HONG KONG (MarketWatch) -- Trading in shares of HSBC Holdings was suspended for Monday's session in Hong Kong, pending what the bank called "the announcement of a corporate action," as the company was expected to reveal a pullback from its U.S. consumer lending business.

The banking giant is also due to announce its 2008 earnings report later in the day.
Shares of HSBC's Hong Kong-based subsidiary, Hang Seng Bank dropped 4% ahead of its own results for 2008. Daiwa Research expects Hang Seng's 2008 profit to drop to HK$14.06 billion from $18.24 billion in 2007.

The decline came amid steep falls in Hong Kong as well as the region after U.S. stocks extended their losses Friday.

The Hang Seng Index was recently down 3.6% at 12,349.60 in Hong Kong, while Japan's Nikkei 225 Average ended the morning trading session 3.2% lower at 7,325.96.
Elsewhere, China's Shanghai Composite dropped 0.3%, Australia's S&P/ASX 200 shed 2.7%, South Korea's Kospi sank 3.8%, Singapore's Straits Times Index fell 2.9% and Taiwan's Taiex gave up 2%.

The Wall Street Journal reported that HSBC plans to curtail its foray into U.S. consumer lending by pulling back from key businesses.

The lender is largely throwing in the towel on its 2003 purchase of Household International Inc., a $14 billion deal that saddled it with a U.S. subprime lender that has seen its results worsen amid the housing downturn, the report said.

Separately, HSBC is also expected to cut its dividend and raise more than GBP12 billion ($17 billion) in a deeply-discounted rights issue on Monday, The Sunday Telegraph reported.

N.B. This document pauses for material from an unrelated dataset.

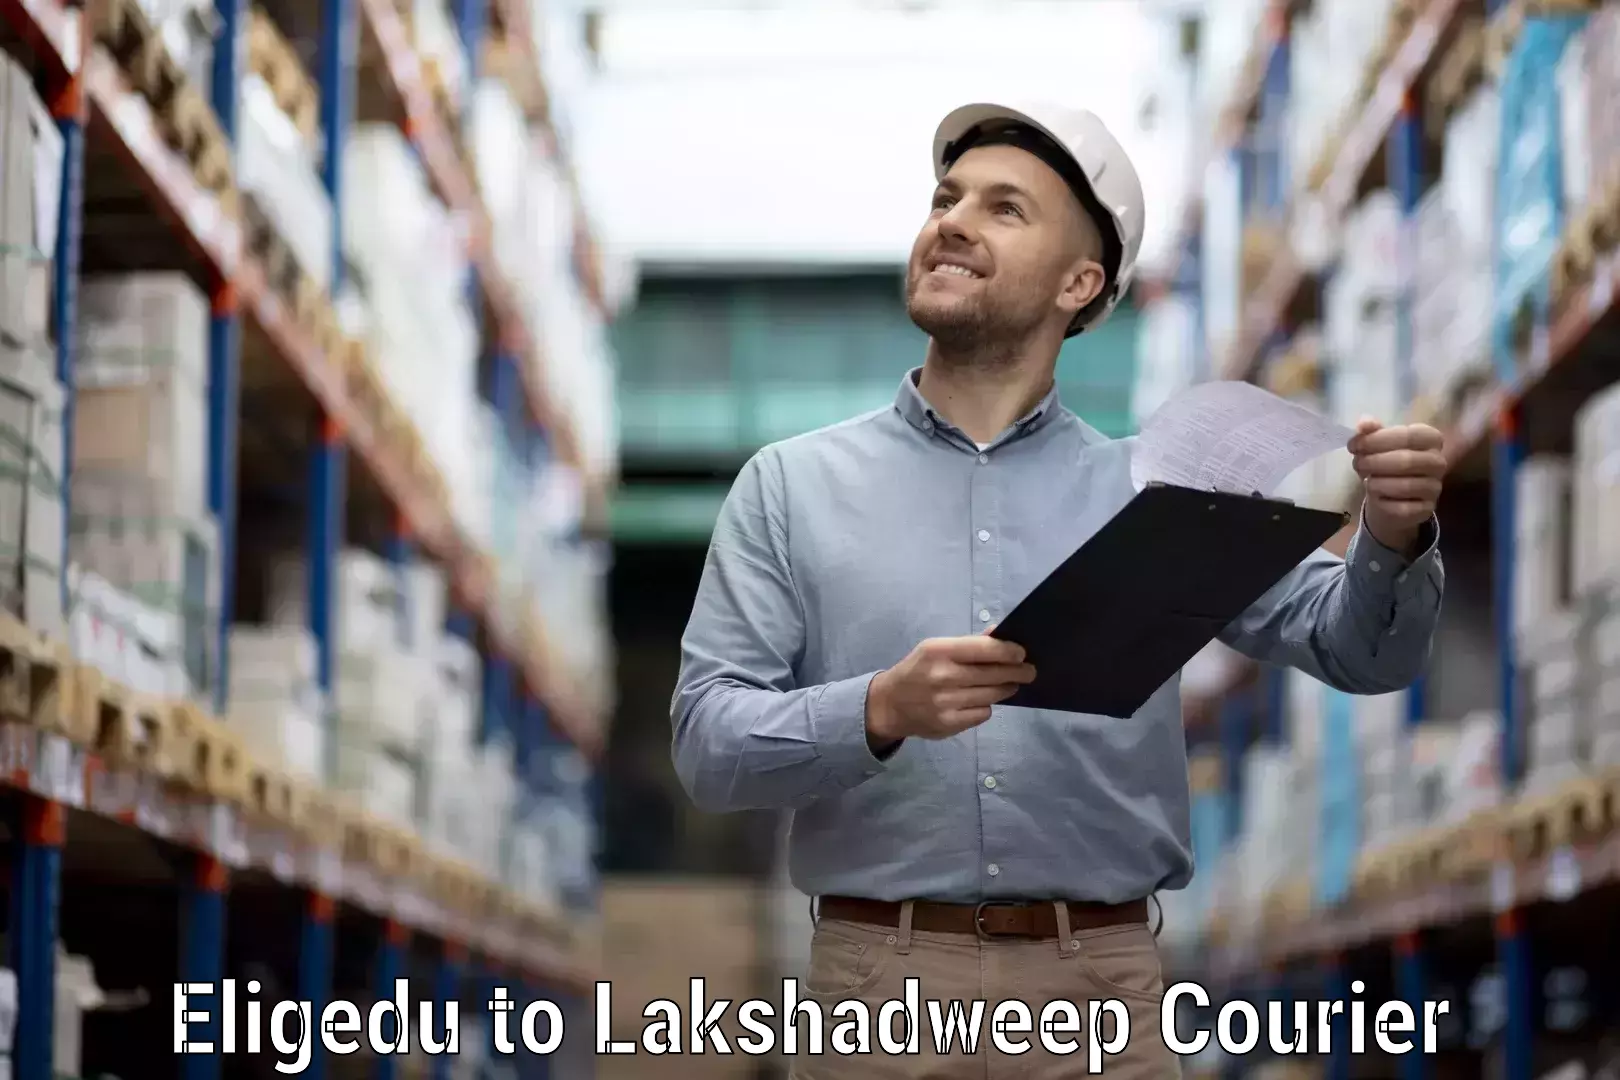 Customer-focused courier Eligedu to Lakshadweep
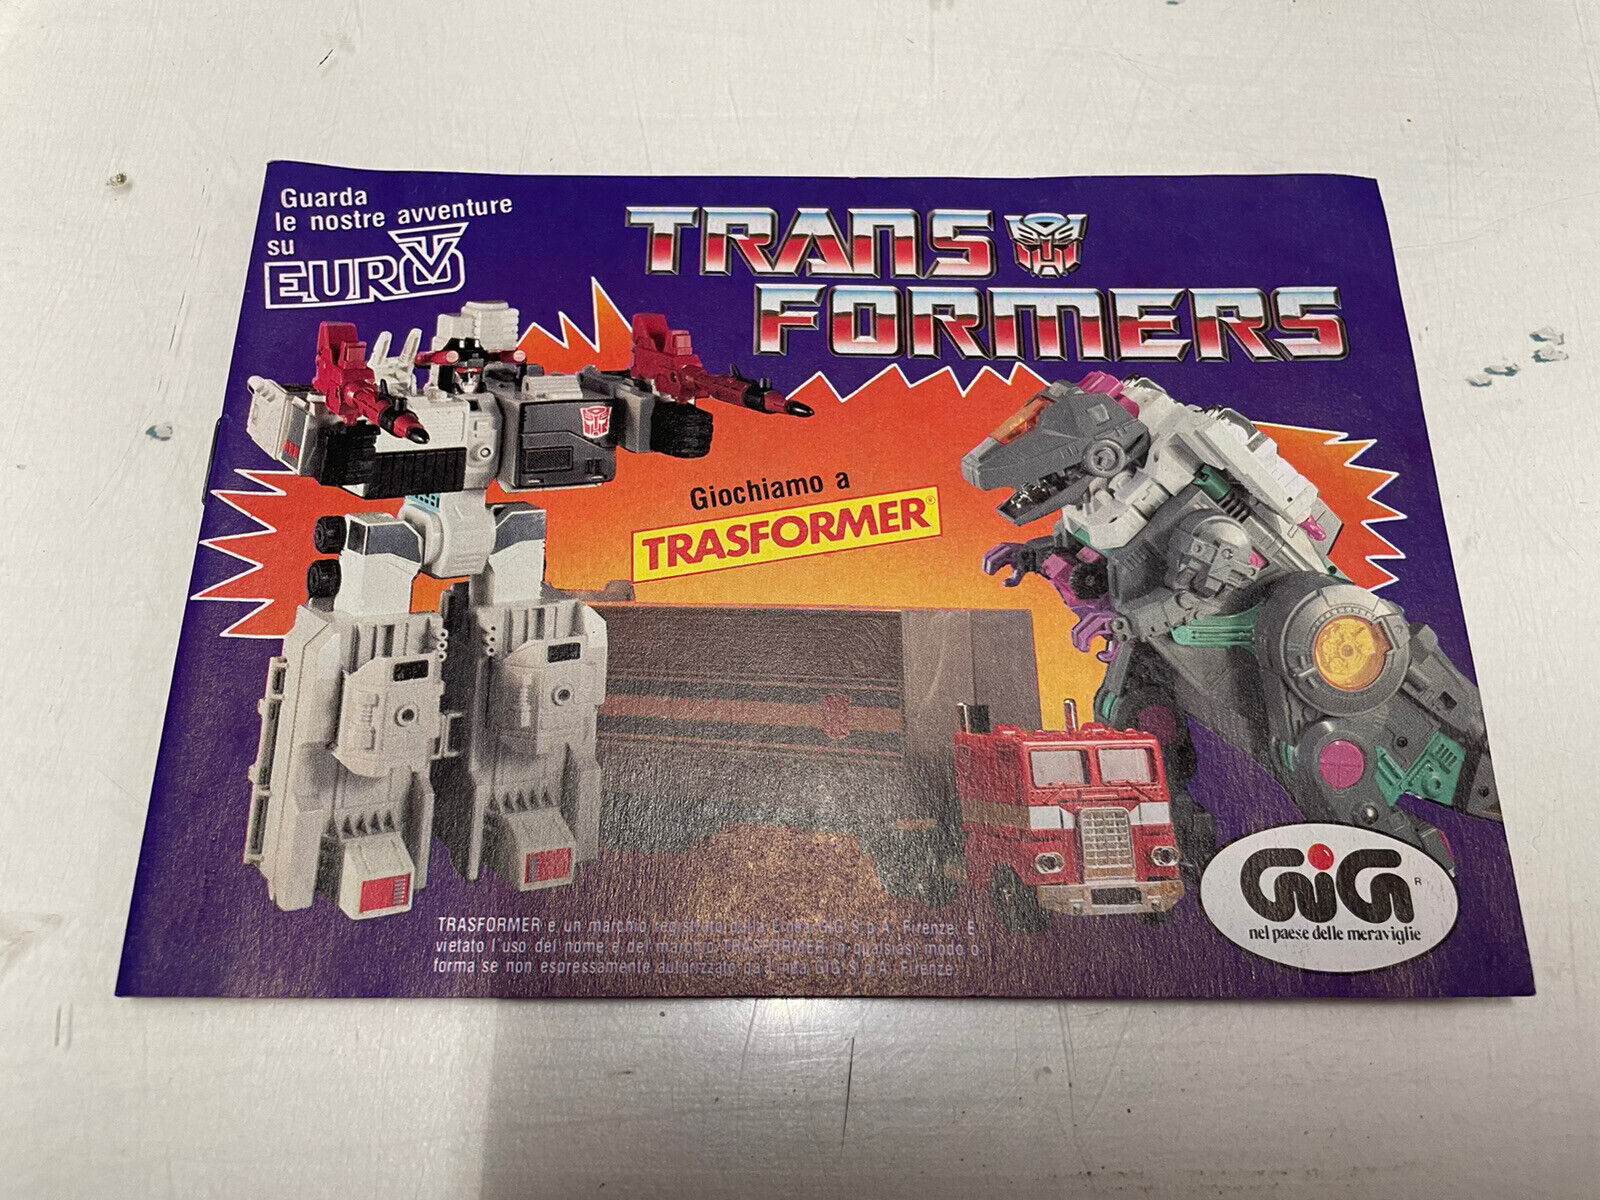 Transformers-catalogo-Anni-80-GIG-Giochiamo-a-Trasformer-145340679071

Analysts surveyed by FactSet Research expect HSBC to report a net income of HK$100.4 billion ($12.87 billion) for the year, down from its profit of more than $19 billion in 2007.
In a recent report, Daiwa Research noted that consensus estimates on HSBC's 2008 performance varied widely, with analysts anticipating its net profit to fall anywhere between $10.9 billion and $18.4 billion.

Shares of HSBC, which command a weighting of more than 11% in the Hang Seng Index, ended down 0.9% on Friday. Trading in the shares is expected to resume Tuesday.
Varahabhotla Phani Kumar is a reporter in MarketWatch's Hong Kong bureau.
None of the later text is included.